# Envoyer un mail sans voir l'expéditeur



## bart540 (23 Février 2012)

Bonjour,

Sur hotmail, quand je reçois un mail que je veux transmettre/faire  suivre à mes contacts, comment ne pas transférer les adresses présentes  dans le mail reçu (contact de l' expéditeur) et masquer les adresses des  contacts à qui je transfère le mail reçu, de sorte que personne ne sait  si je l' ai envoyé à quelqu'un d' autre. 
Merci d'avance


----------



## lepetitpiero (23 Février 2012)

Depuis le webmail de hotmail ou avec un client de messagerie... Faudrait préciser un peu les choses.


----------



## bart540 (23 Février 2012)

En fait c'est quand je suis sur ma boite mail.


----------



## lepetitpiero (23 Février 2012)

donc en webmail depuis le navigateur internet ? Parce que tu peux être sur ta boite mail depuis un navigateur web ( webmail) ou bien depuis un client de messagerie ( mail, thunderbird,... ) 

Pour envoyer un message sans que l'expéditeur soit visible il faut utiliser le champ CCI ( sur mail il n'est pas actif dès le départ)

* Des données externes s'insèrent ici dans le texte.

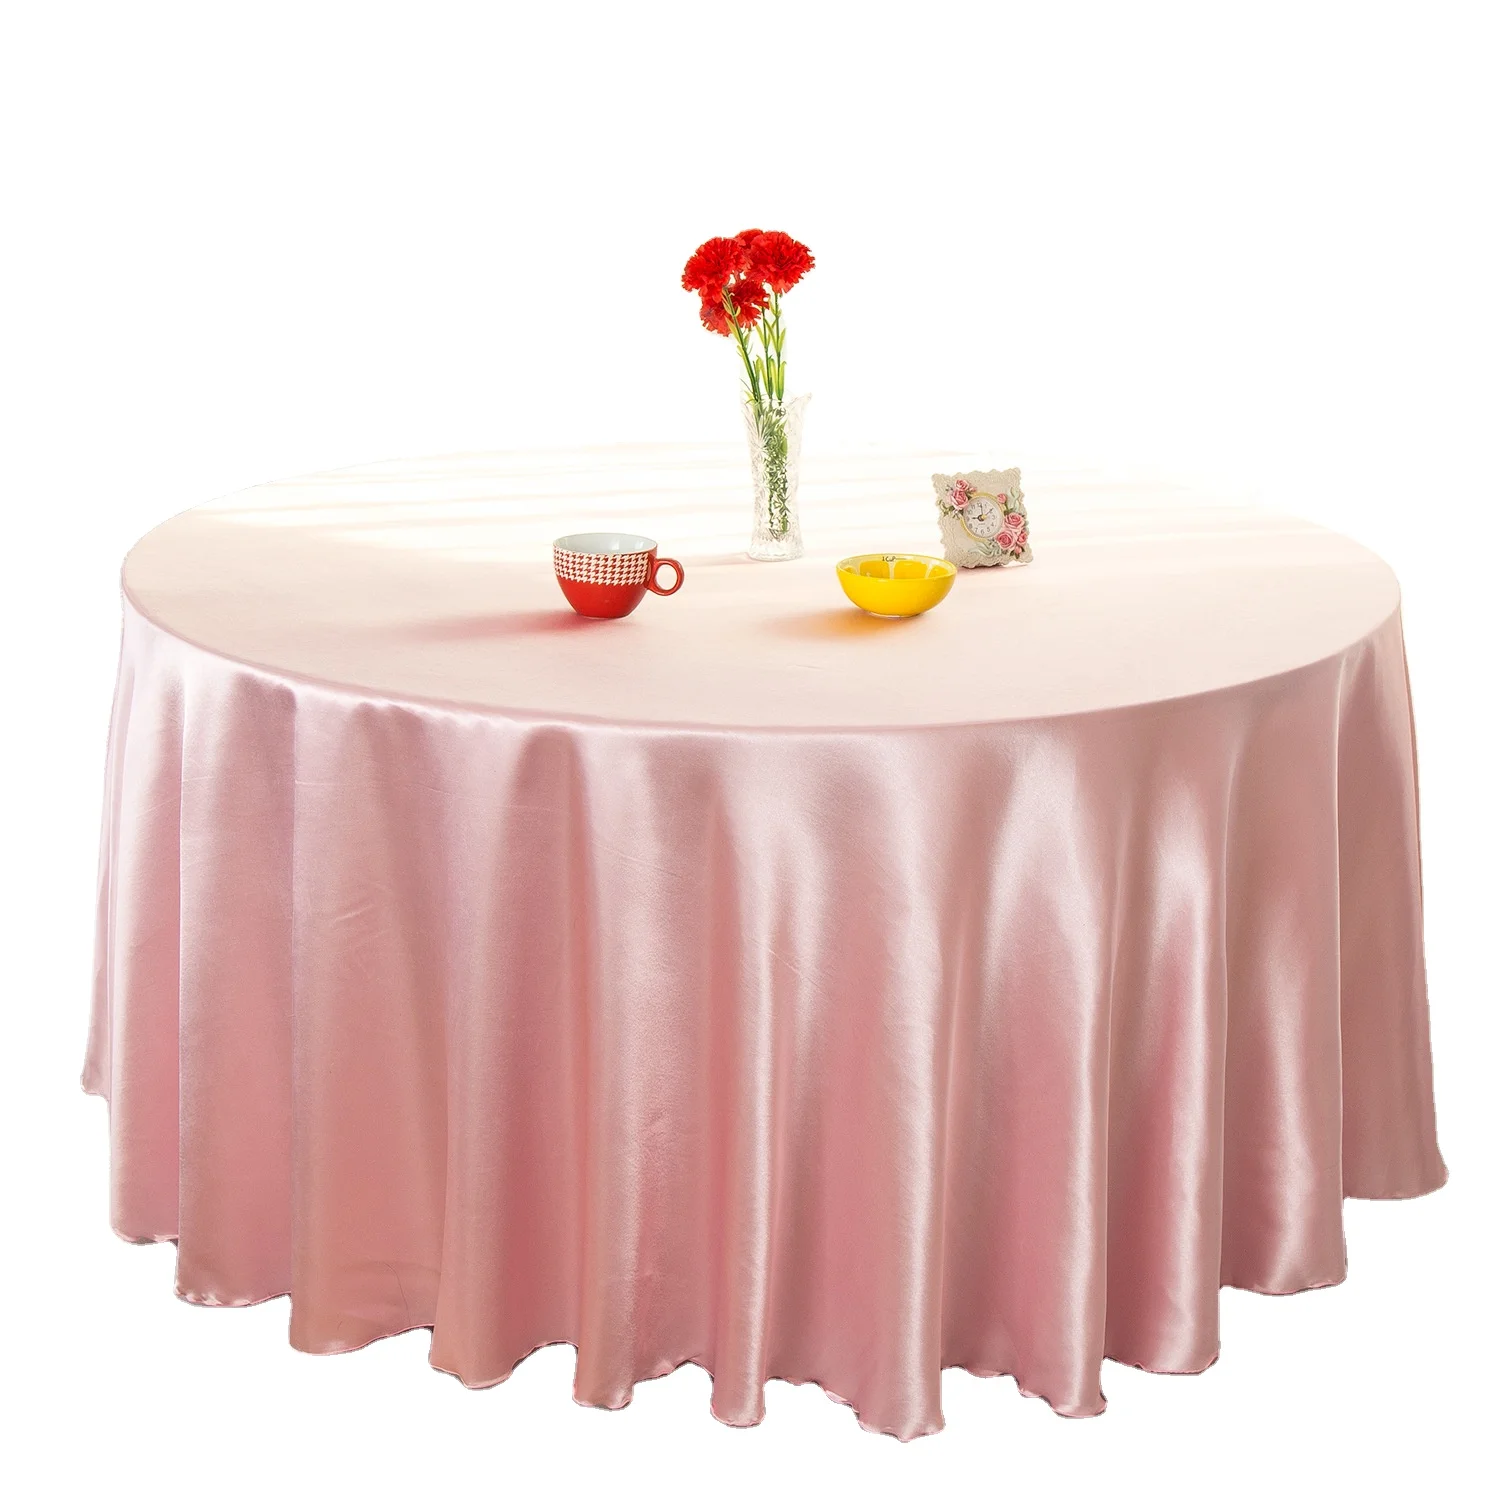 Сервировка на нежно-розовые скатерти

Depuis hotmail en webmail, je ne sais pas si cela est possible


----------



## bart540 (23 Février 2012)

En fait, pour qu'on se comprenne bien, je suis sur firefox et je vais sur ma boite mail.
Si tu lis bien mon premier message, il ne s'agit de mettre en cci mais de "supprimer" l'expéditeur lorsque je transfère un mail à quelqu'un.
You understand ?


----------



## lepetitpiero (23 Février 2012)

pas possible depuis le webmail à mon avis faut passer par un client de messagerie ou alors faut faire un copier coller dans un nouveau mail

Mais bon j'ai pas hotmail car c'est caca


----------



## bart540 (23 Février 2012)

Peut être que tu connais quelqu'un qui trouve que hotmail est un peu moins merd...qu'il n'y paraît ?
Perso, je prends hotmail car il y a plusieurs ordi dont 2 pc sur la même livebox.
Merci pour tes réponses en tout cas !


----------



## Powerdom (23 Février 2012)

bart540 a dit:


> Perso, je prends hotmail car il y a plusieurs ordi dont 2 pc sur la même livebox.
> !



Bonjour,
Je ne vois pas le rapport ??


----------



## subsole (23 Février 2012)

bart540 a dit:


> Peut être que tu connais quelqu'un qui trouve que hotmail est un peu moins merd...qu'il n'y paraît ?
> Perso, je prends hotmail car il y a plusieurs ordi dont 2 pc sur la même livebox.
> Merci pour tes réponses en tout cas !


Aller sur le Webmail, c'est l'antiquité, la préhistoire. :rateau:
Qu'est-ce que ça change que tu aies deux "PC", à moins qu'Hotmail ne gère pas l'IMAP, je n'utilise pas Hotmail également, c'est caca. ^^
Sinon, en passant par un client de messagerie c'est possible.
Par exemple dans Mail, il suffit de cliquer sur "Rediriger". 

You understand ?


----------



## lepetitpiero (23 Février 2012)

Moi non plus je vois pas le rapport. Un client de messagerie et tu confitures ton compte orange en imap sur les deux machiniste tu auras tous tes messages sur chaque machines... c'est ce que je fais


----------



## bart540 (23 Février 2012)

En fait, on m'a dit que je ne pouvais pas utiliser outlook car ça allait provoquer des conflits avec les 2 autres pc.
En revanche personne n'a une idée pour mon pb ?


----------



## subsole (23 Février 2012)

bart540 a dit:


> En fait, on m'a dit que je ne pouvais pas utiliser outlook car ça allait provoquer des conflits avec les 2 autres pc.
> En revanche personne n'a une idée pour mon pb ?



Sur Mac, confitures le client de messagerie Mail, ensuite il  suffira de cliquer sur "Rediriger".


----------